Мама часто говорила, что Матвей у нас творческая личность, но папа неизменно пропускал ее слова мимо ушей. В роду Беркутовых творческих отродясь не бывало, потому папа предпочитал считать Матвея обыкновенным раздолбаем. За глаза он даже называл его «мамин сладкий пирожочек». И причитал, что не знает, как вырастить из пирожочка нормального мужика.
– Почему с тобой у меня никогда проблем не было? – частенько вопрошал отец после очередной выходки Матвея. – Почему ты получился нормальным, а он – нет, хотя я воспитывал вас одинаково?
Я неизменно пожимал плечами и пытался найти у брата «сильные стороны». На самом деле, это было лицемерием. Поведение Матвея я тоже почти никогда не одобрял. Мы с ним были из разных миров.
Я с детства считался гордостью семьи: хорошо учился, пару раз побеждал в городских олимпиадах по математике. Дружил со спортом. Матвей же имел совсем другие интересы. К примеру, в четырнадцать лет он потратил месяц на то, чтобы расшить себе куртку крышечками от пивных бутылок. С мамой случилась истерика, когда брат попытался взять эту куртку в наше турне по Франции. Куртка отправилась на помойку, а брат в качестве протеста побрился на лысо.
В пятнадцать Матвей сам набил себе огромную татуху на руке. Ее обнаружила бабушка, ворвавшись однажды без стука в комнату внука. В тот раз бабуля заодно узнала, что Матвей вовсю срисовывает девушек с порнографического журнала. От пережитого потрясения бабушка чуть к праотцам не отправилась раньше времени. А потом она еще год пыталась при случае умыть внучка святой водой.
В шестнадцать Матвея привели домой полицейские. Оказалось, он нарисовал граффити на стене дома какой-то шишки. Родители «попали» на десятки тысяч. Полицейские, кстати, показали нам фото Матвеевых художеств. Я еще тогда подумал: а ничего так, красиво получилось.
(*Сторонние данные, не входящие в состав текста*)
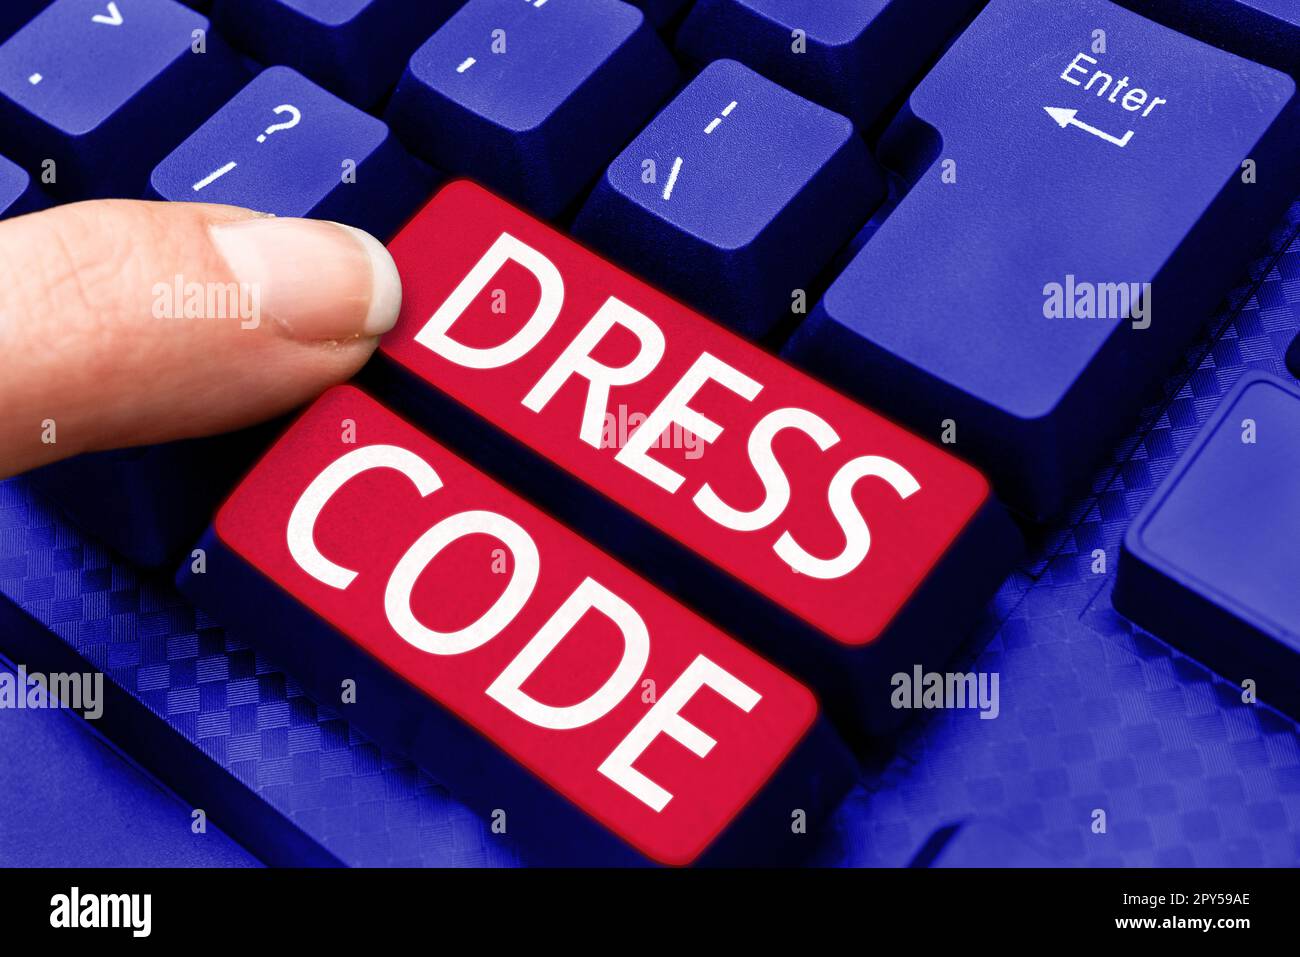 Code vestimentaire de l'affiche manuscrite. Idée d'affaires une façon acceptée de s'habiller pour une occasion ou un groupe particulier Banque D'Images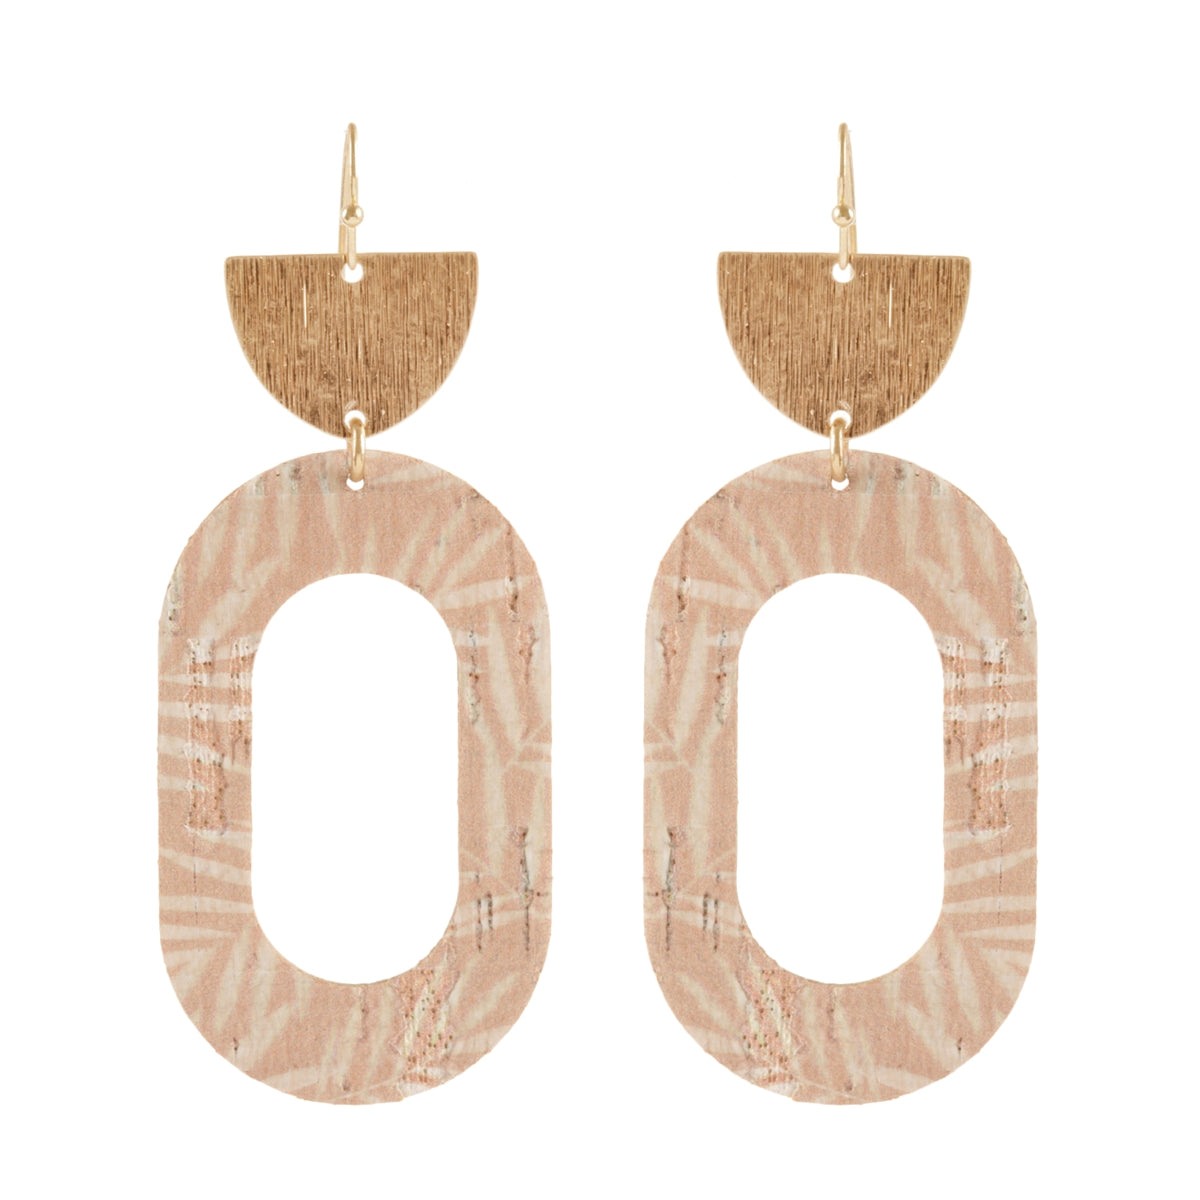 Gold Oval Cork Earrings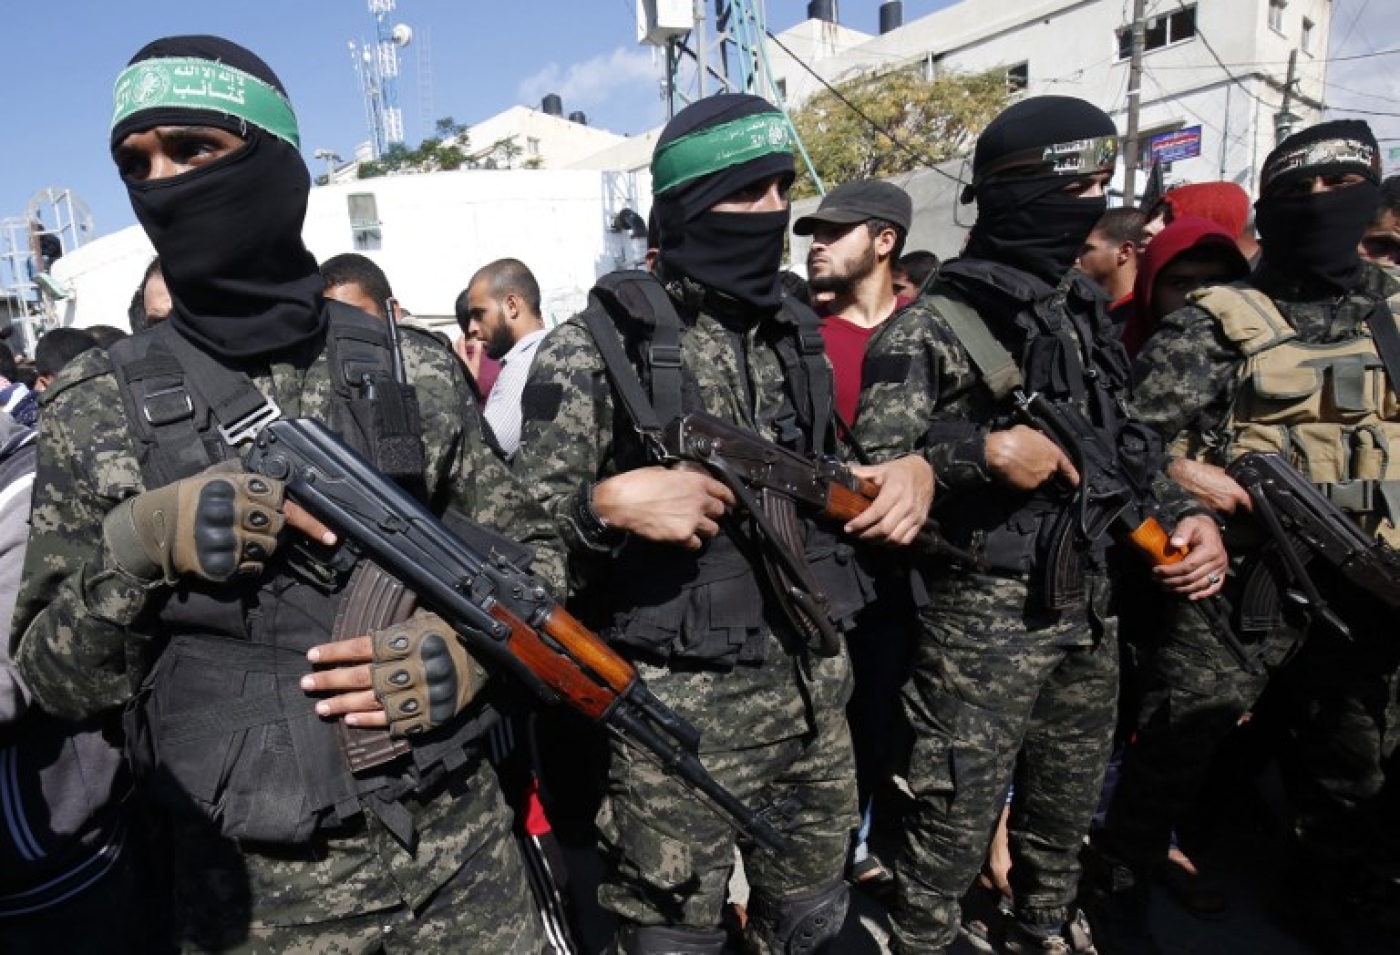 hamas-says-botched-israeli-gaza-raid-aimed-to-bug-communications

Оканчивая школу, брат никак не мог выбрать профессию и просил дать ему год для того, чтобы определиться. Отец же уперся рогом: нет, нет и нет! Он испугался, что за двенадцать месяцев Матвей спутается с плохой компанией, подсядет на наркотики и обрюхатит какую-нибудь молоденькую уборщицу, только-только приехавшую из Узбекистана. И даже то, что брат плохо сдал ЕГЭ, папашу не остановило. Поистерив пару дней, он тут же раскошелился на платное обучение.
Черт! Вот зачем он это сделал? Сейчас, благодаря открывшимся фактам, мне отчетливо видно, что брату нужно было совсем другое. Вот только прошлое уже не переписать.
А я ведь тоже хорош! В нужный момент я не отстоял брата, согласился с отцом в том, что Матвей просто ленивый и легко попадает под чужое влияние. А мог бы разобраться нормально во всем, поговорить с Матвеем по душам…
***
– О чем задумался? – спросила мама, когда я тяжело вздохнул.
Я потер лицо ладонью, отгоняя чувство вины.
– Ты права, Матвею не стоит ничего говорить. Тебе лучше побеседовать с этой девушкой. Как ее? Лия?